Material for this task.
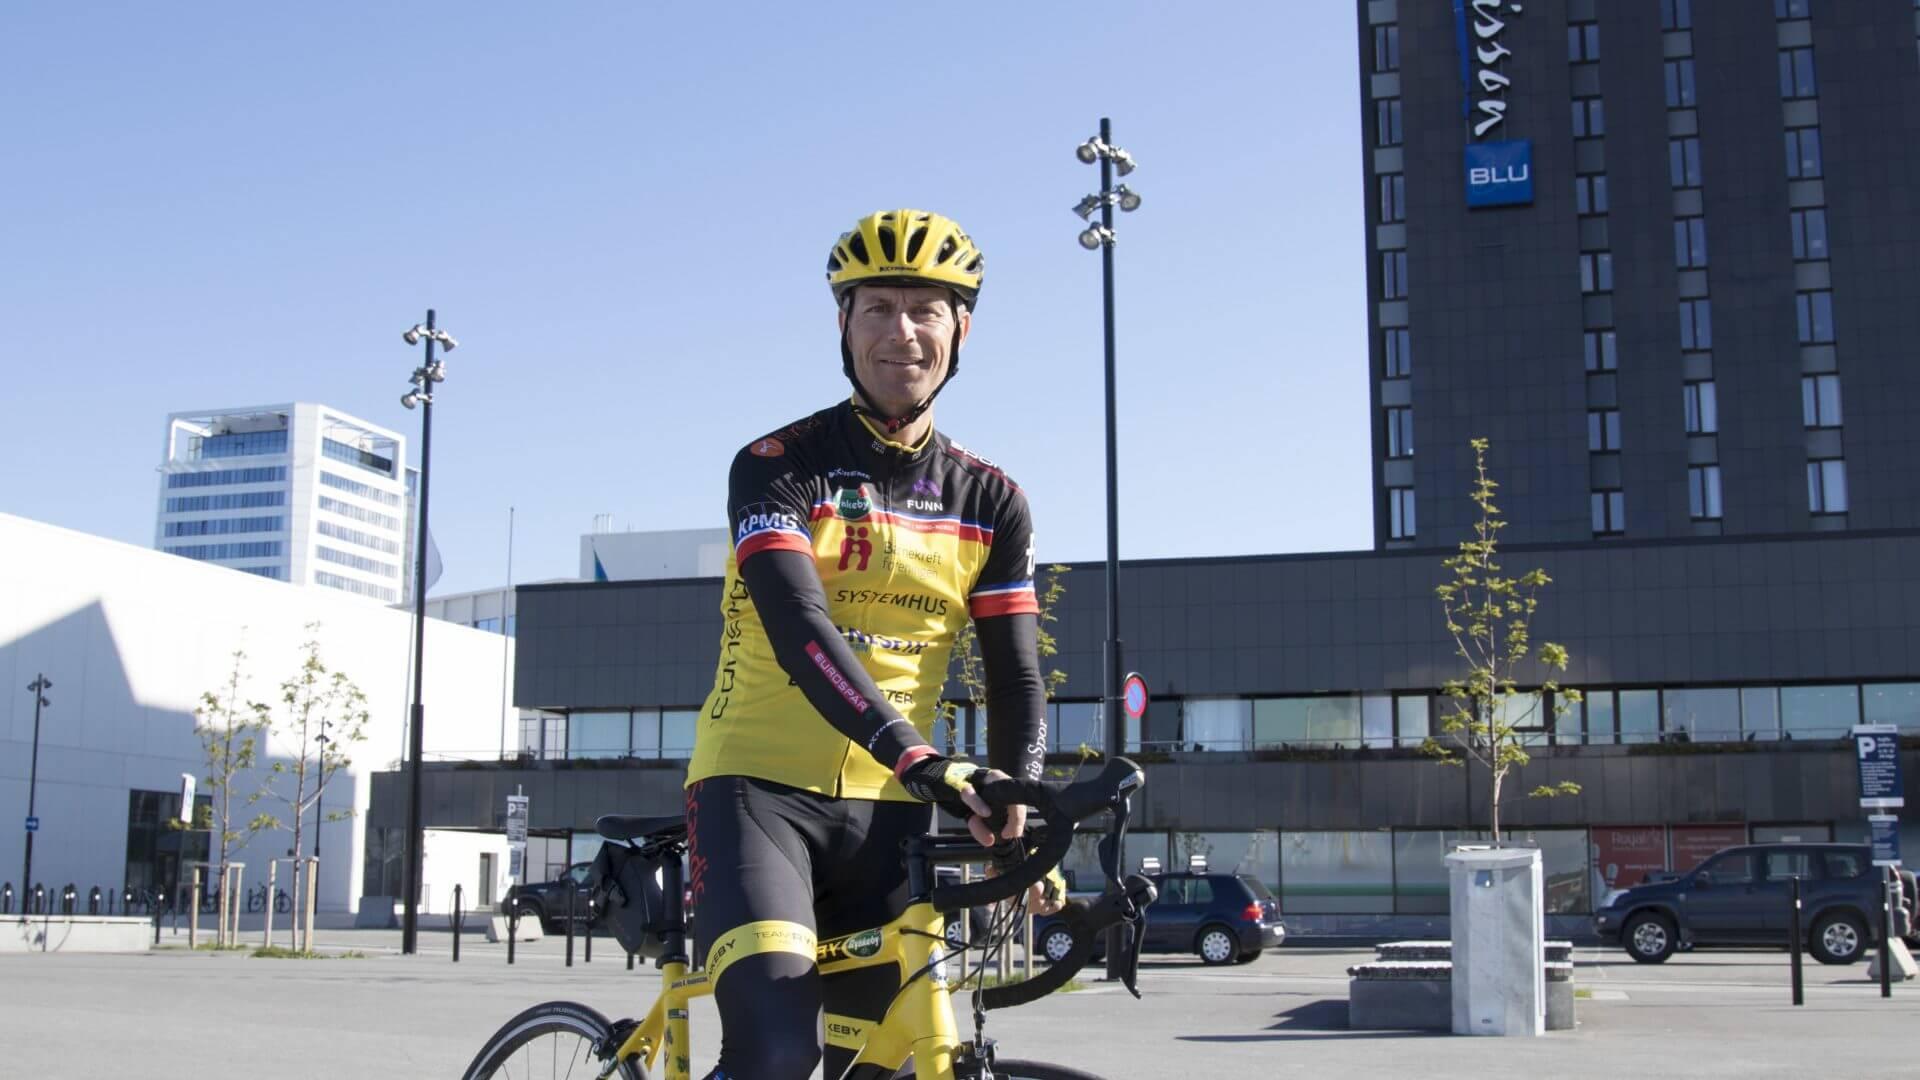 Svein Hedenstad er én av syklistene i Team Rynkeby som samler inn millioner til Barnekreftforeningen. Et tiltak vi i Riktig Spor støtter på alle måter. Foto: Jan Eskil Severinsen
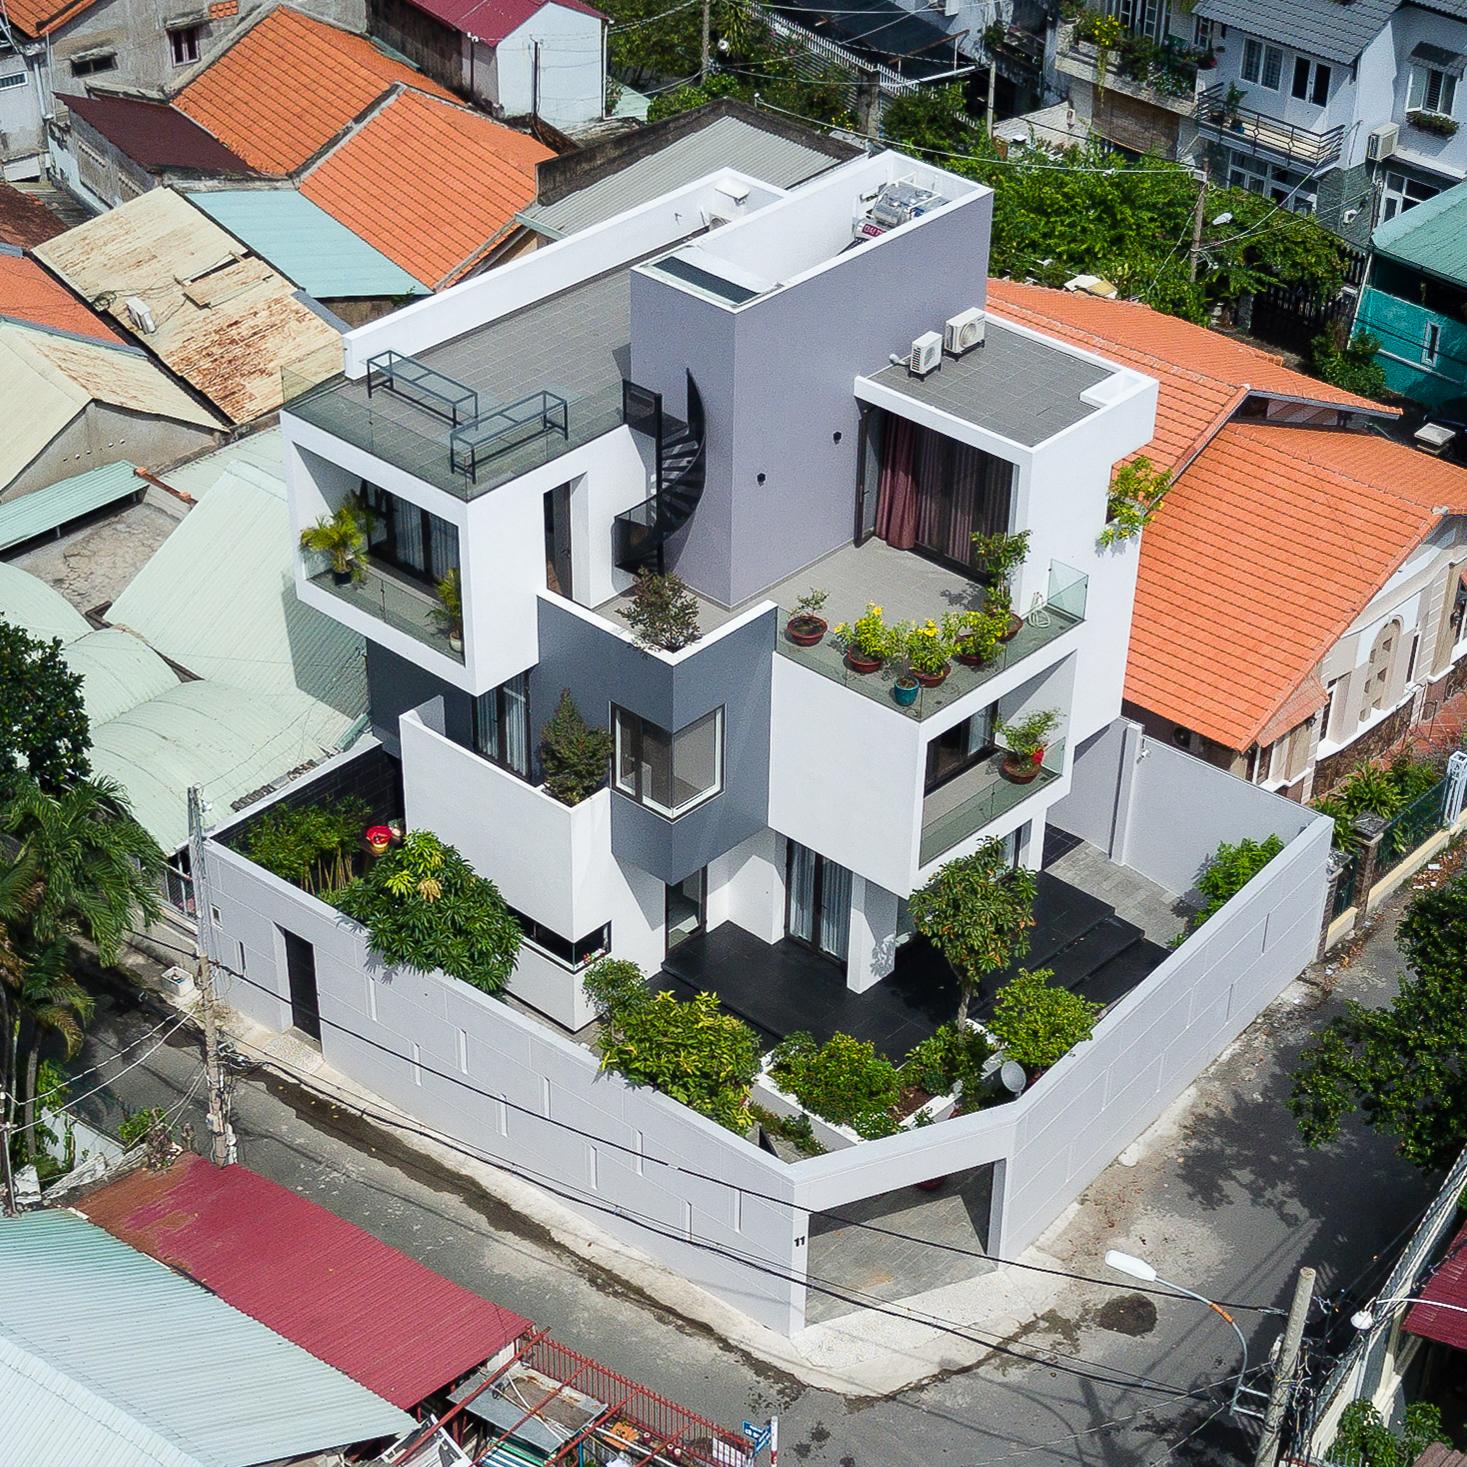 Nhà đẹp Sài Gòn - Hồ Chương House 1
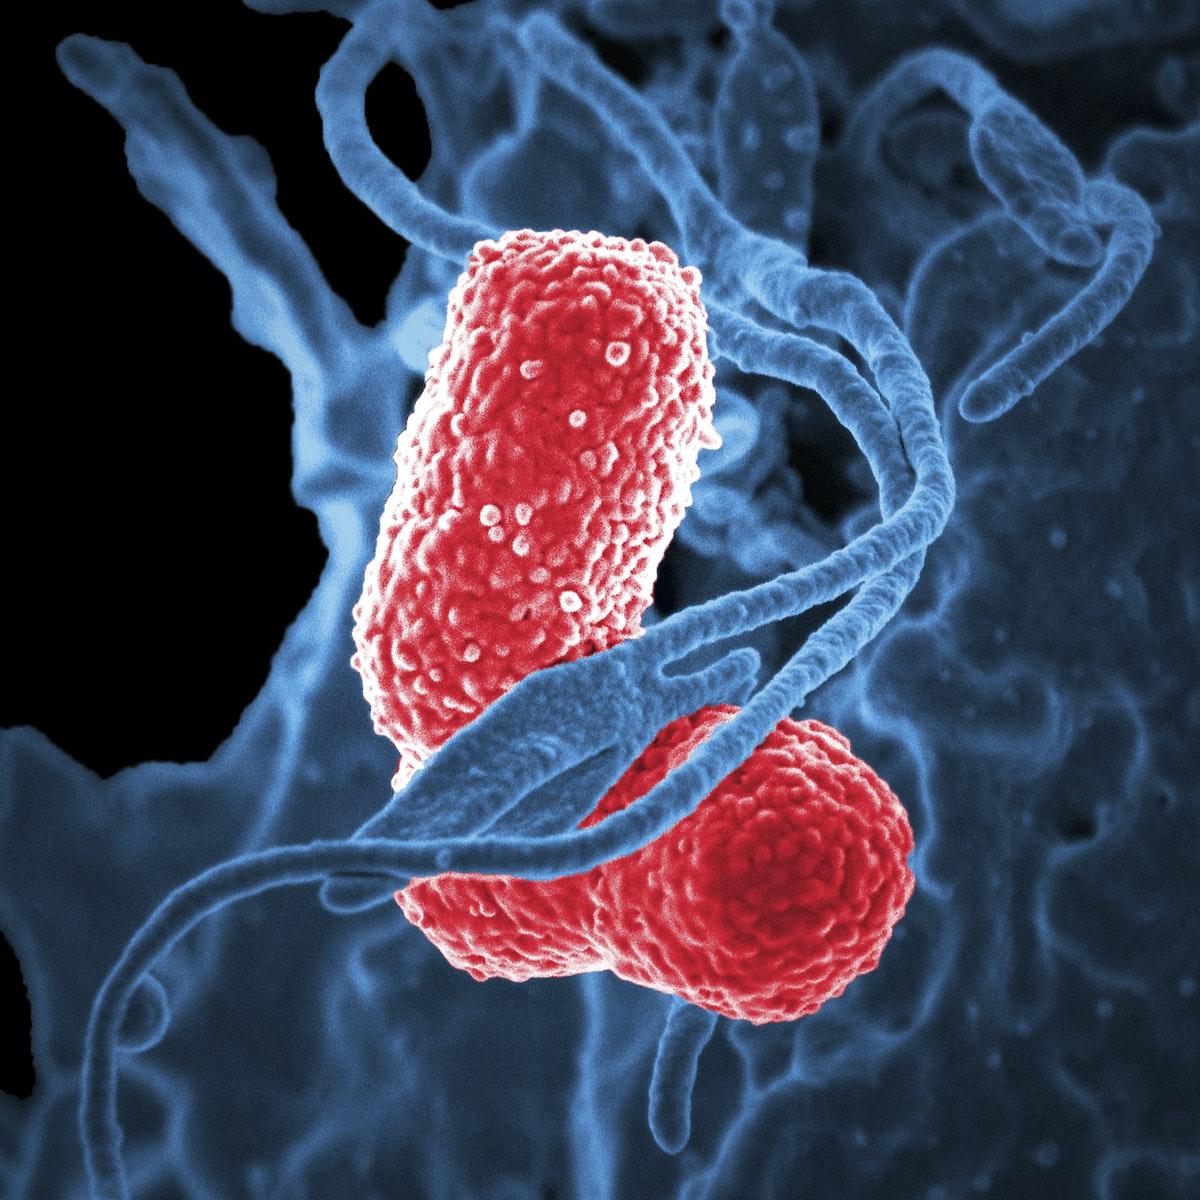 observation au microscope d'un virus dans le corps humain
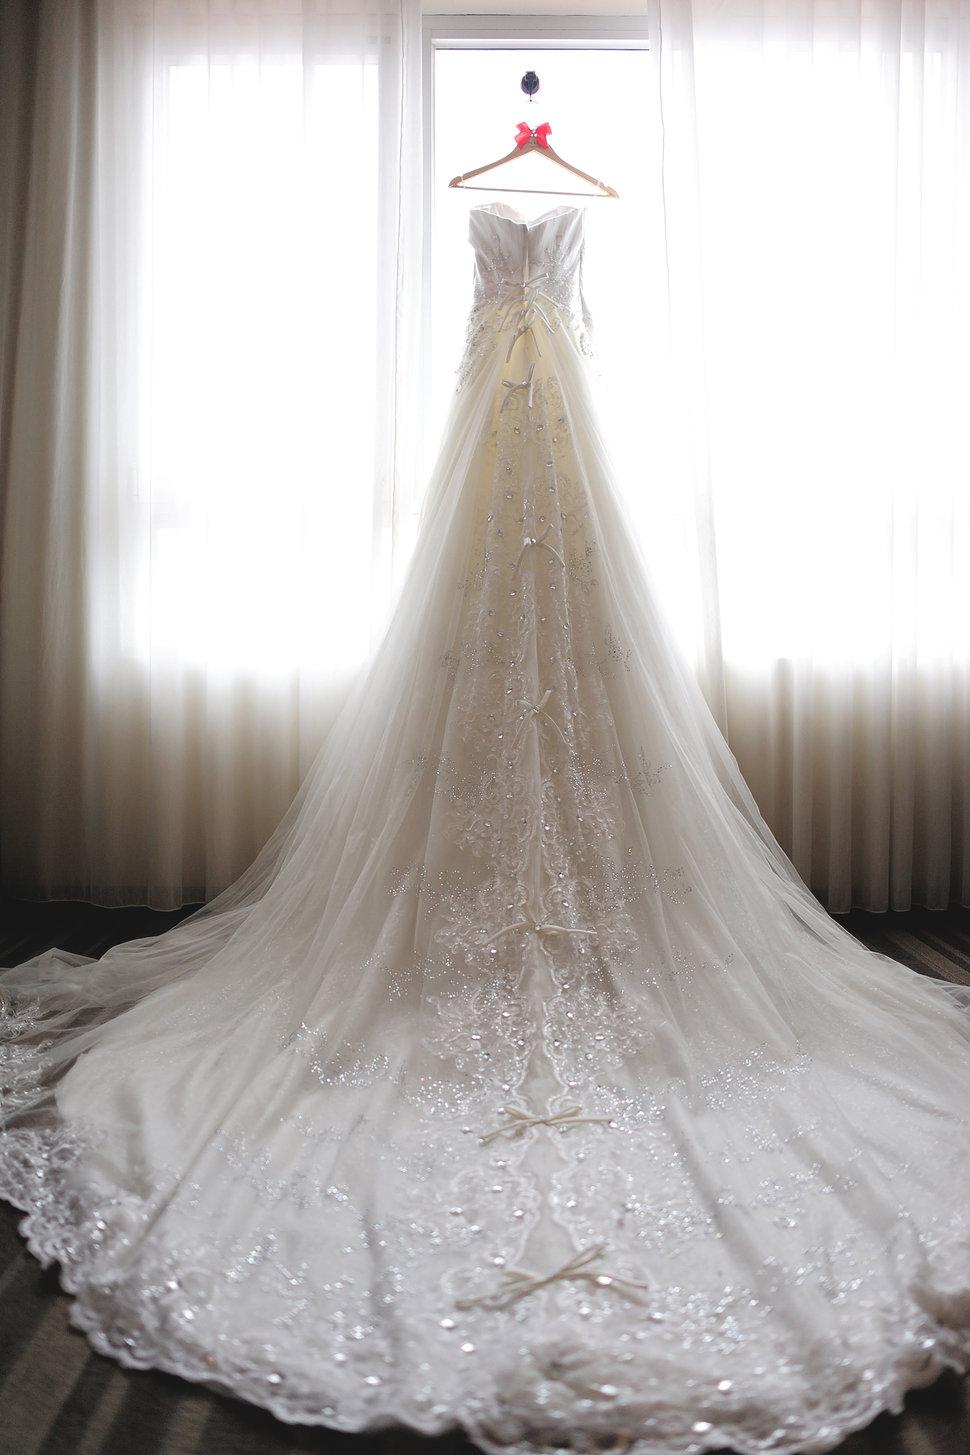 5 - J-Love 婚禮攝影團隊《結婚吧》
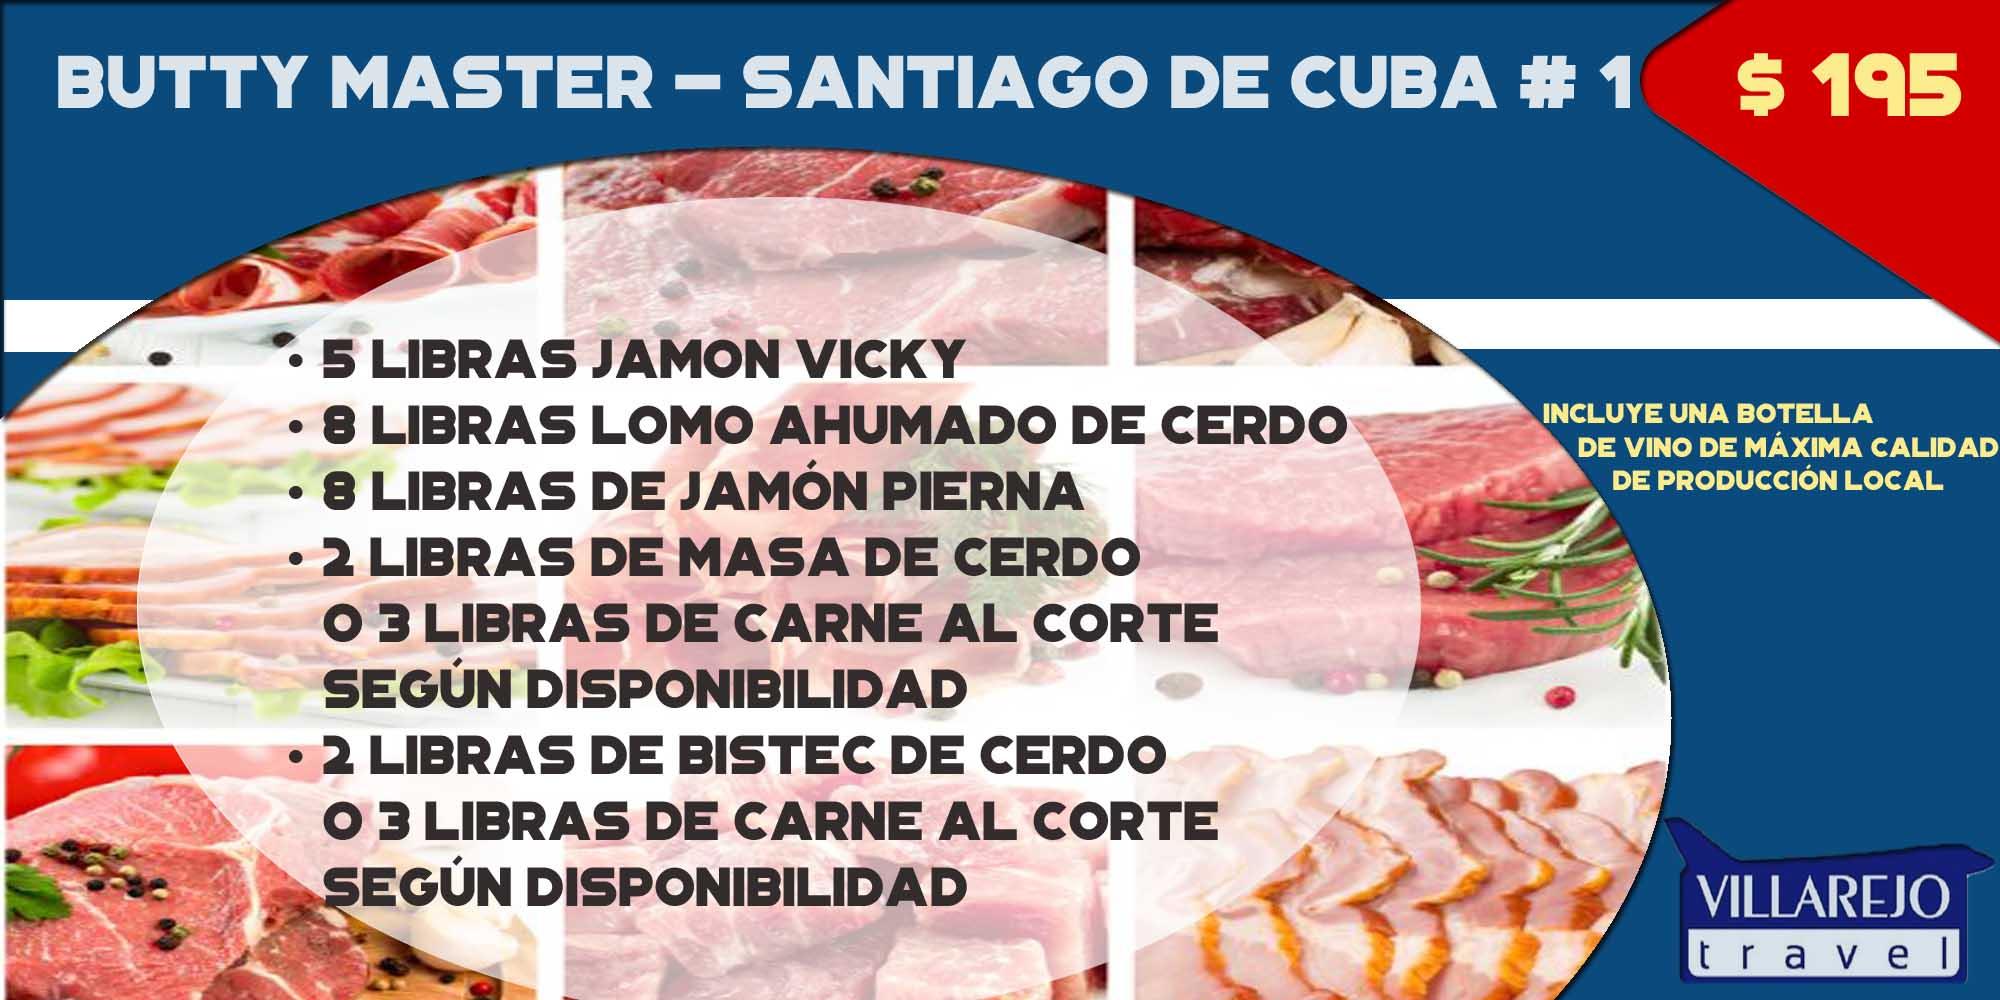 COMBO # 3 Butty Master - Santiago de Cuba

Task description. Repeat the records above exactly, from the first line through the line containing "5 - J-Love 婚禮攝影團隊《結婚吧》", and leave out the pictures.

Answer section.
 Svein Hedenstad er én av syklistene i Team Rynkeby som samler inn millioner til Barnekreftforeningen. Et tiltak vi i Riktig Spor støtter på alle måter. Foto: Jan Eskil Severinsen
 Nhà đẹp Sài Gòn - Hồ Chương House 1
 observation au microscope d'un virus dans le corps humain
 5 - J-Love 婚禮攝影團隊《結婚吧》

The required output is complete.